Peri-procedural anticoagulation management of mechanical prosthetic heart valve patients

Abstract

Introduction To estimate the three-month cumulative incidence of thromboembolism and bleeding among mechanical heart valve (MHV) patients receiving peri-procedural anticoagulation management, consecutive MHV patients referred to the Mayo Clinic Thrombophilia Center for peri-procedural anticoagulation management over the seven-year period, 1997-2003, were followed for three months for thromboembolism, bleeding and vital status. Materials and Methods Warfarin was stopped 4-5 days prior to the procedure, and re-started after the procedure as soon as hemostasis was assured.
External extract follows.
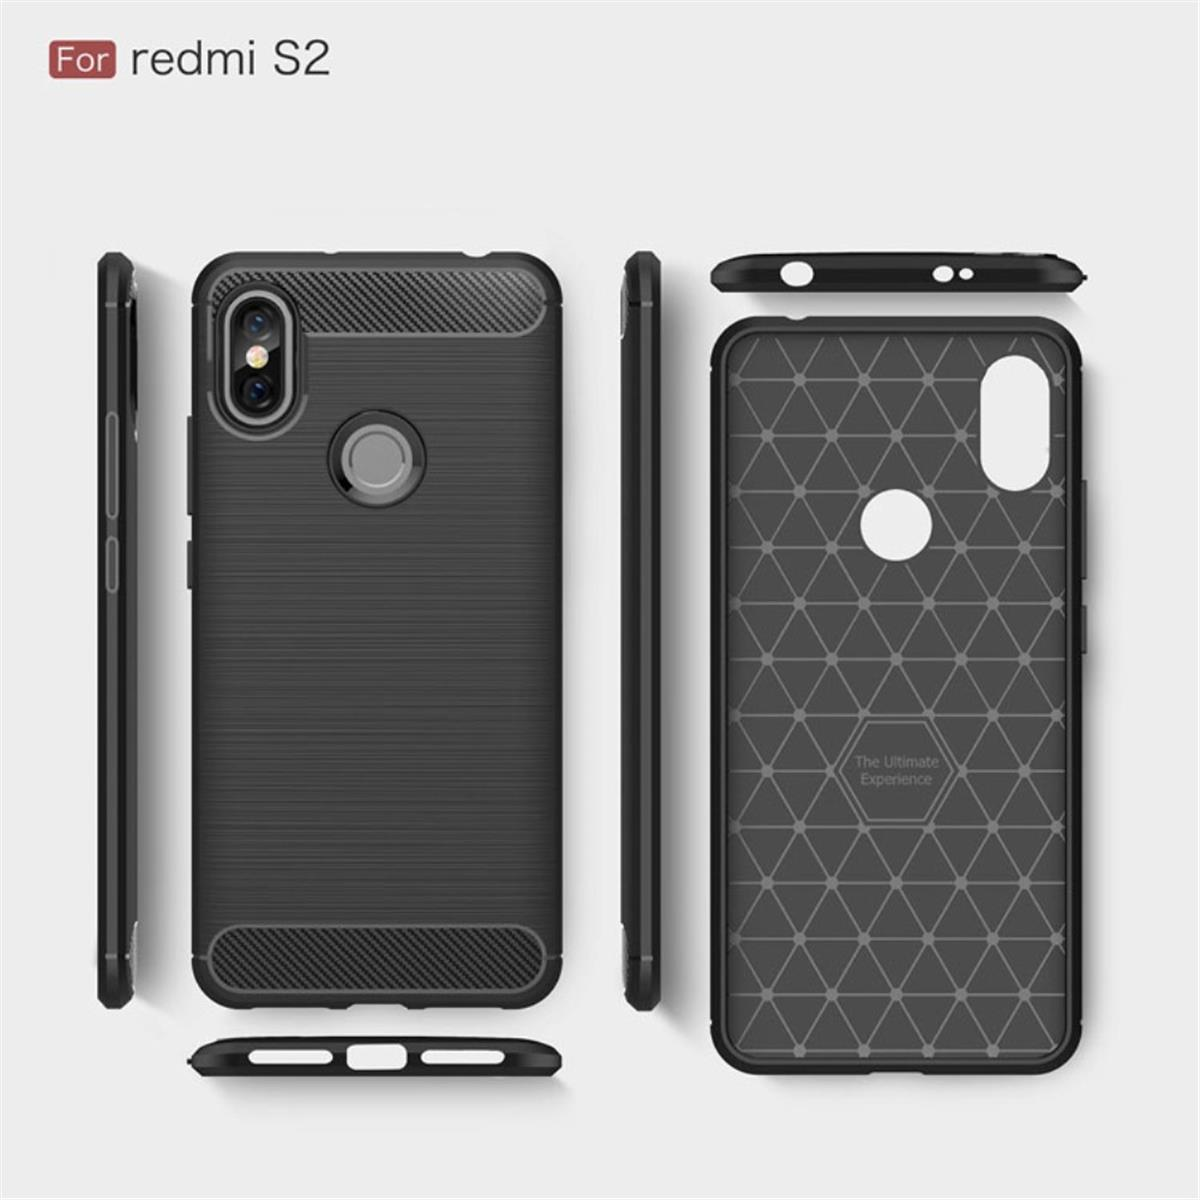 COVERKINGZ Handycase im Redmi Look, schwarz Carbon Xiaomi, Backcover, S2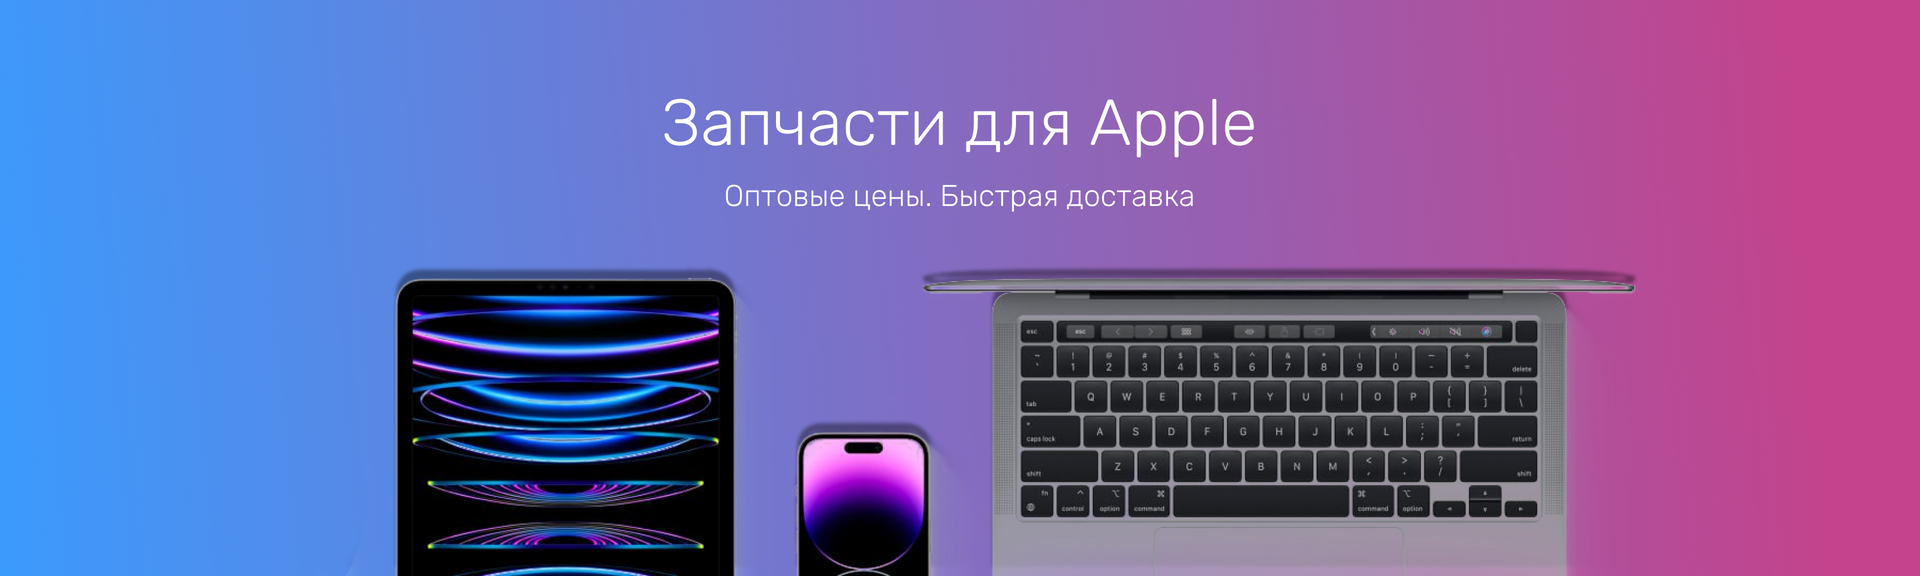 Интернет магазин icd.com.ua. Запчасти для техники apple

The decision to provide bridging therapy with low molecular weight (LMWH) or unfractionated (UFH) heparin was individualized and based on the estimated risks of TE and bleeding. Results 556 MHV patients (372 aortic only, 136 mitral only, 48 with multiple valves) underwent 580 procedures. The three-month cumulative incidence of thromboembolism was 0.9% which included: cerebral ischemia (n = 3), unstable angina (n = 1), acute myocardial infarction (n = 1). None were fatal. The cumulative incidence of major bleeding was 3.6% and fatal in 0.2%. The incidence of major bleeding events did not differ by postoperative anticoagulant strategy whether LMWH (3.7%), UFH (6.1%), or no heparin (2.4%) was used (p = 0.26). Conclusions The three-month cumulative incidence of thromboembolism among MHV patients in whom anticoagulation is temporarily interrupted for an invasive procedure is low. Whereas bleeding exceeds thromboembolic complications, our current practice is to restart warfarin as soon as possible post-procedure. Post-procedural heparin use is reserved for patients with the highest thromboembolic risk (mitral MHV, multiple MHVs, MHV with prior stroke or atrial fibrillation) waiting at least 48 hours before initiating.